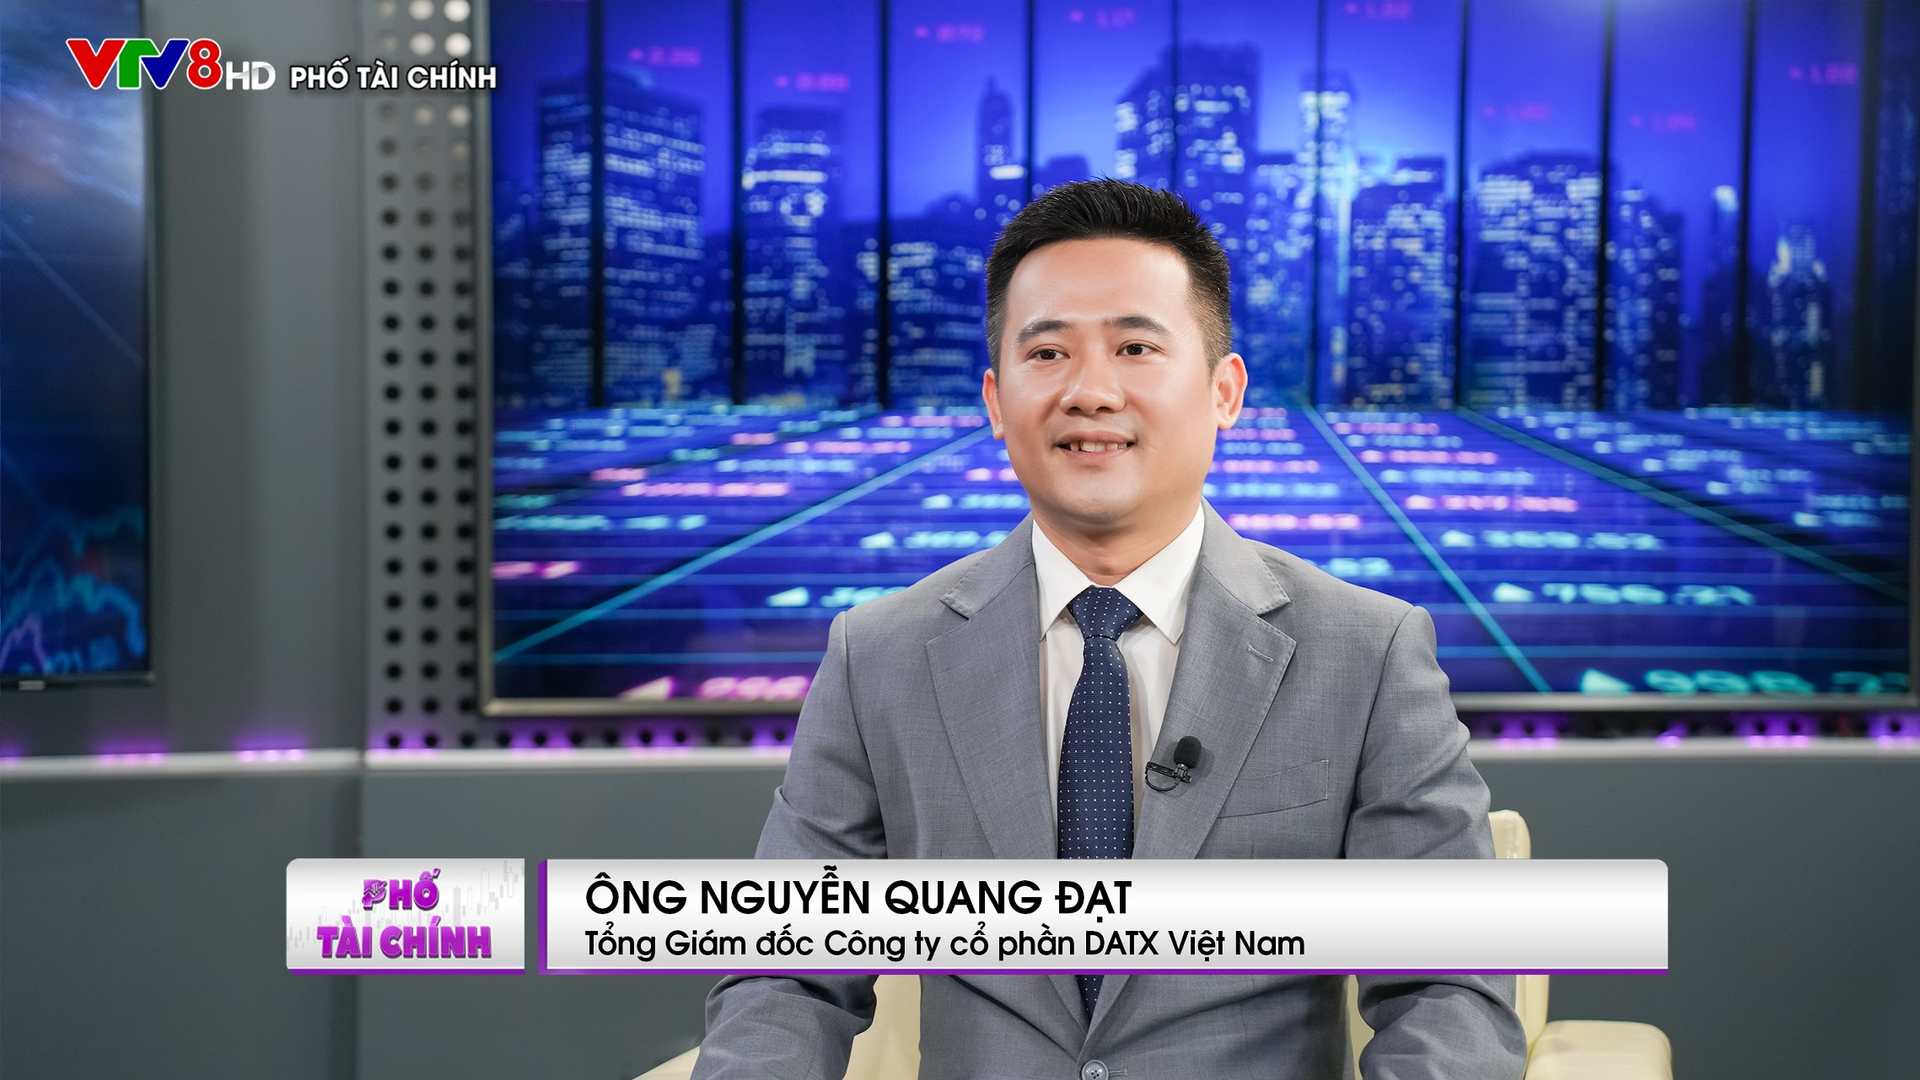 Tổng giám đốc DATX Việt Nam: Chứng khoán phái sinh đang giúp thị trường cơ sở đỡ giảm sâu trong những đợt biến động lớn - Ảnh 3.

--

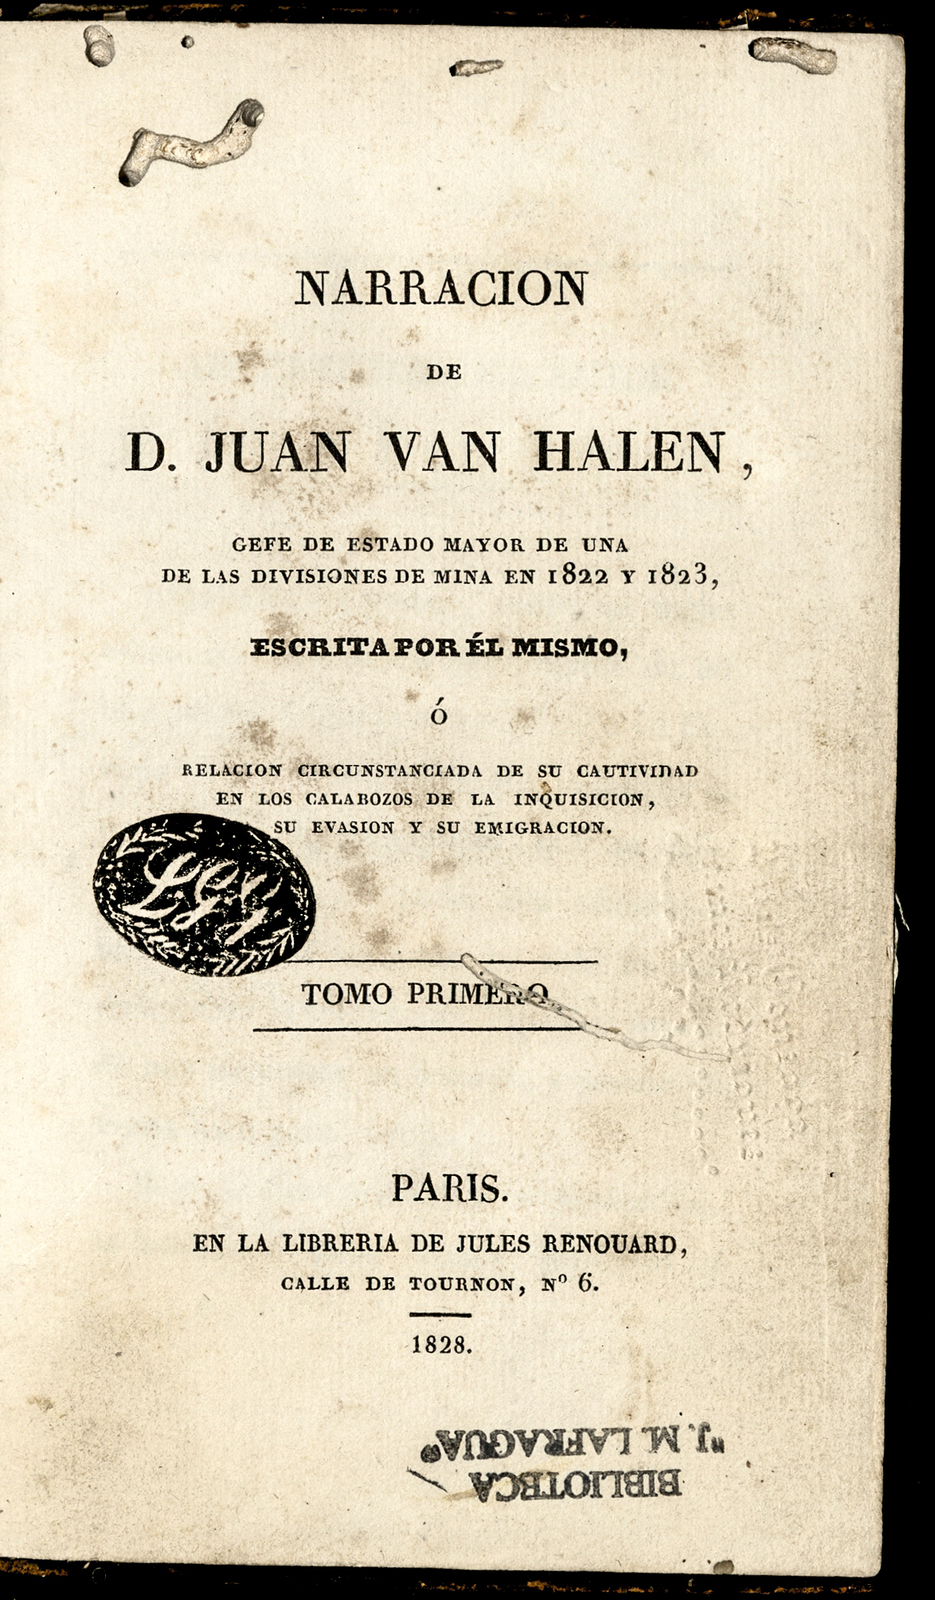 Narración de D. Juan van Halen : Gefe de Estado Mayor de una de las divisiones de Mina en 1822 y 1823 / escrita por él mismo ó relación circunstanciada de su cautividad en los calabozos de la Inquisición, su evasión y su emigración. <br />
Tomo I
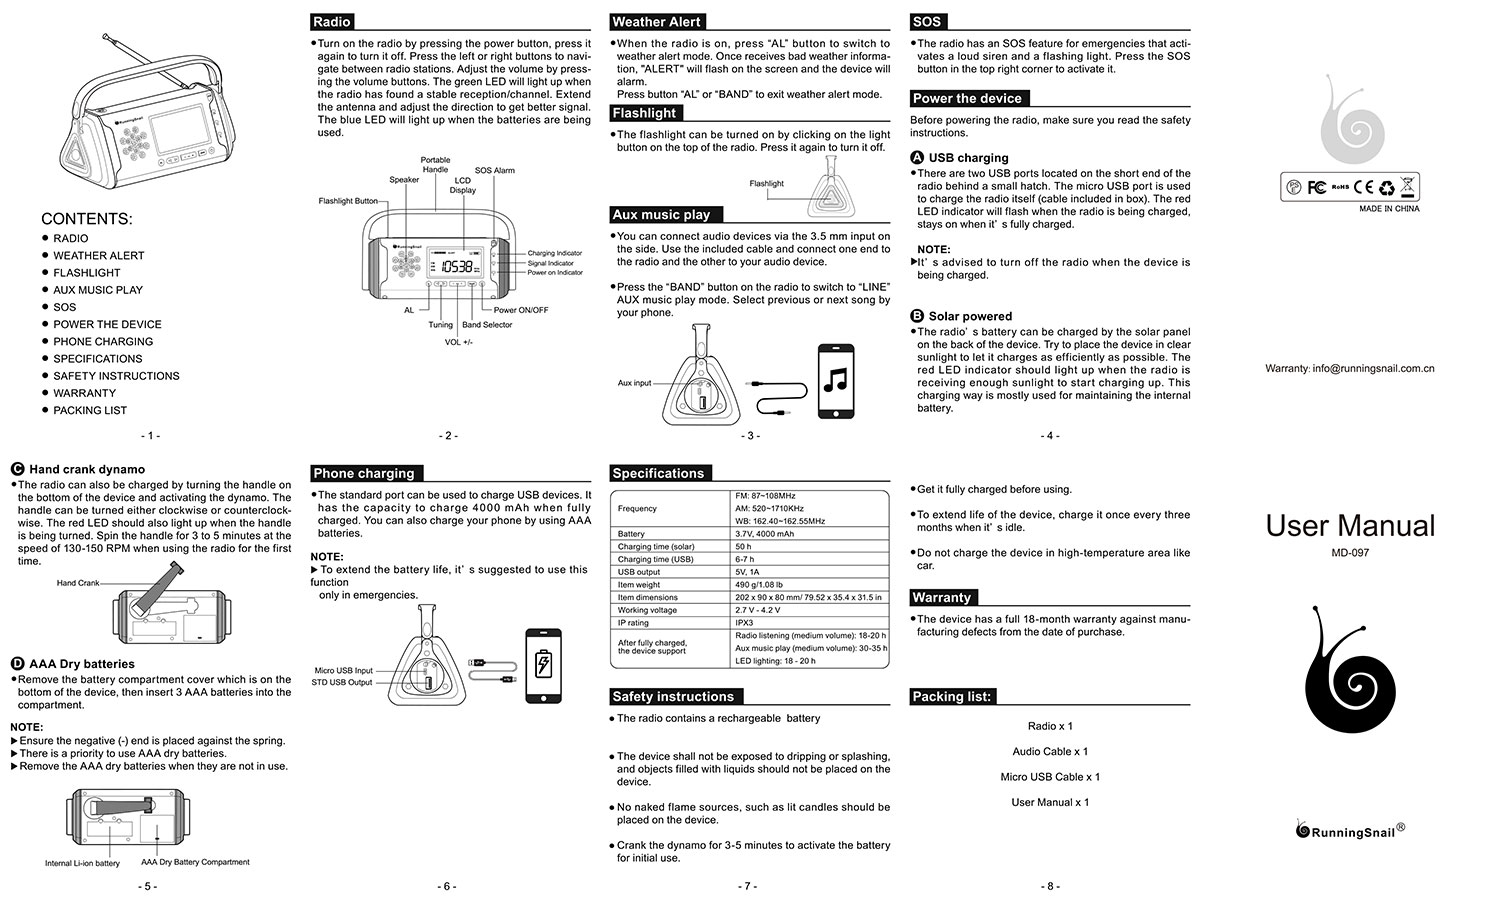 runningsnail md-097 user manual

---

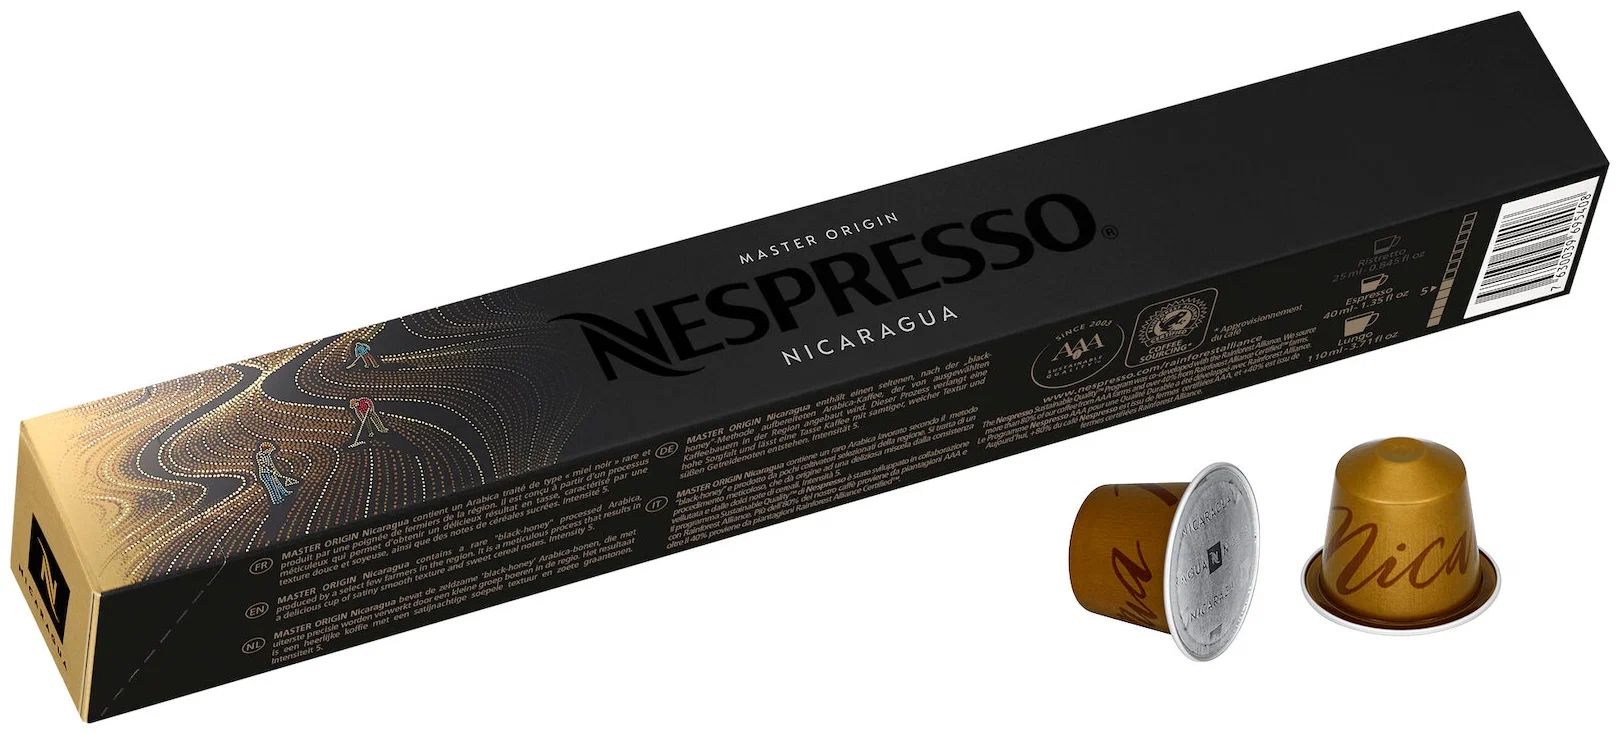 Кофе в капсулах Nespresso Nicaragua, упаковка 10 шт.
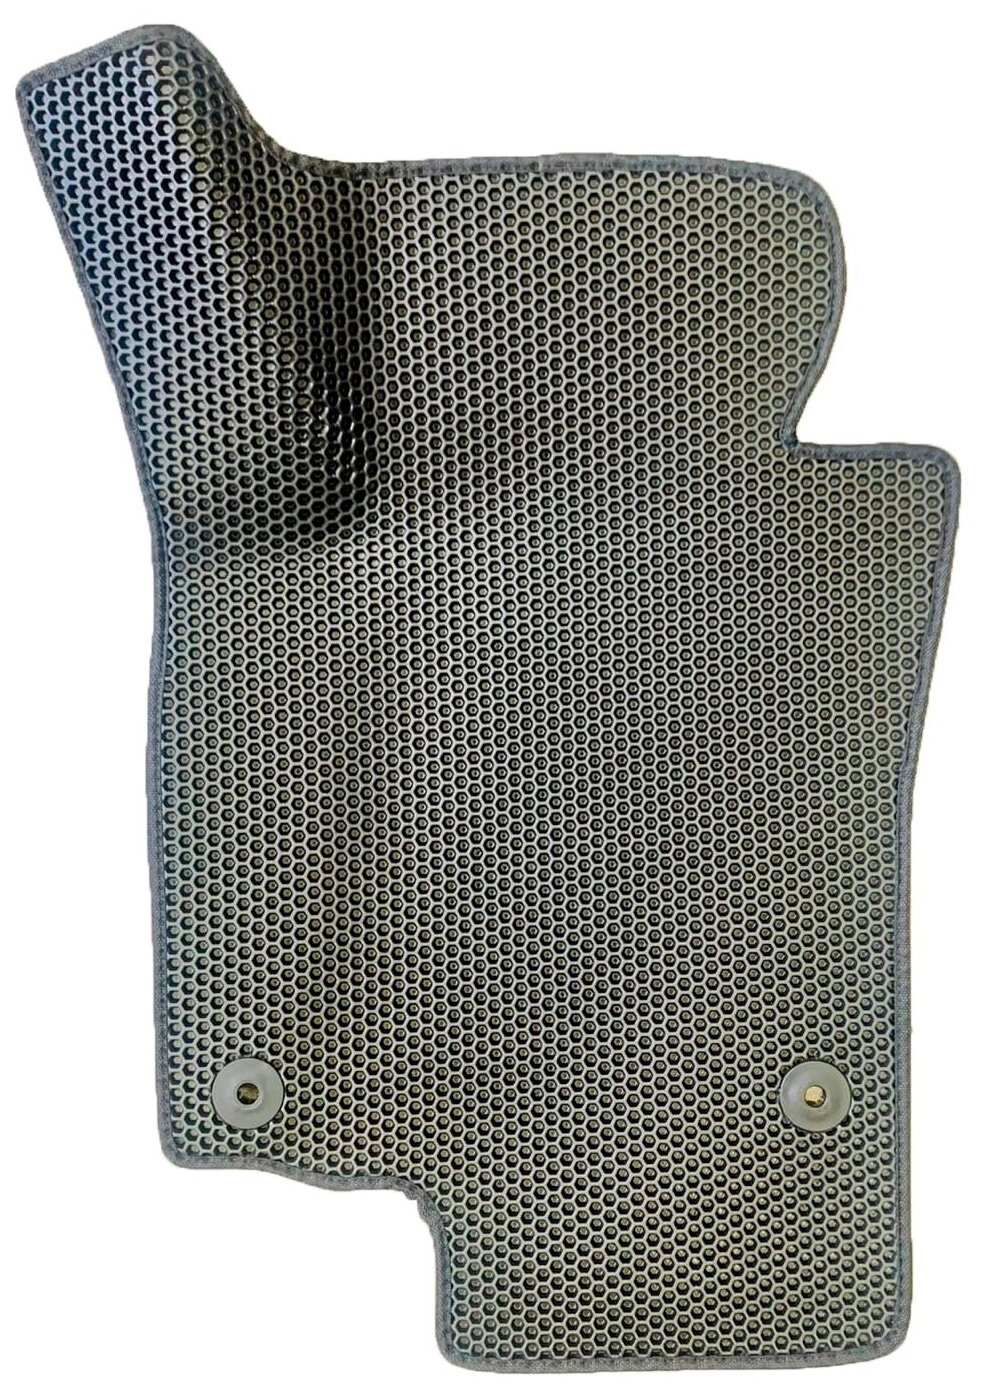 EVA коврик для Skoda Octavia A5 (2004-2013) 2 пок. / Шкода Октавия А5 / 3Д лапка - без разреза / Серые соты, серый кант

→ **WHAT IS EXPECTED**:
Reproduce the listing above from the line that holds "Кофе в капсулах" through the line that holds "EVA коврик для", both included, with the pictures left out.

→ **SOLUTION**:
 Кофе в капсулах Nespresso Nicaragua, упаковка 10 шт.
 EVA коврик для Skoda Octavia A5 (2004-2013) 2 пок. / Шкода Октавия А5 / 3Д лапка - без разреза / Серые соты, серый кант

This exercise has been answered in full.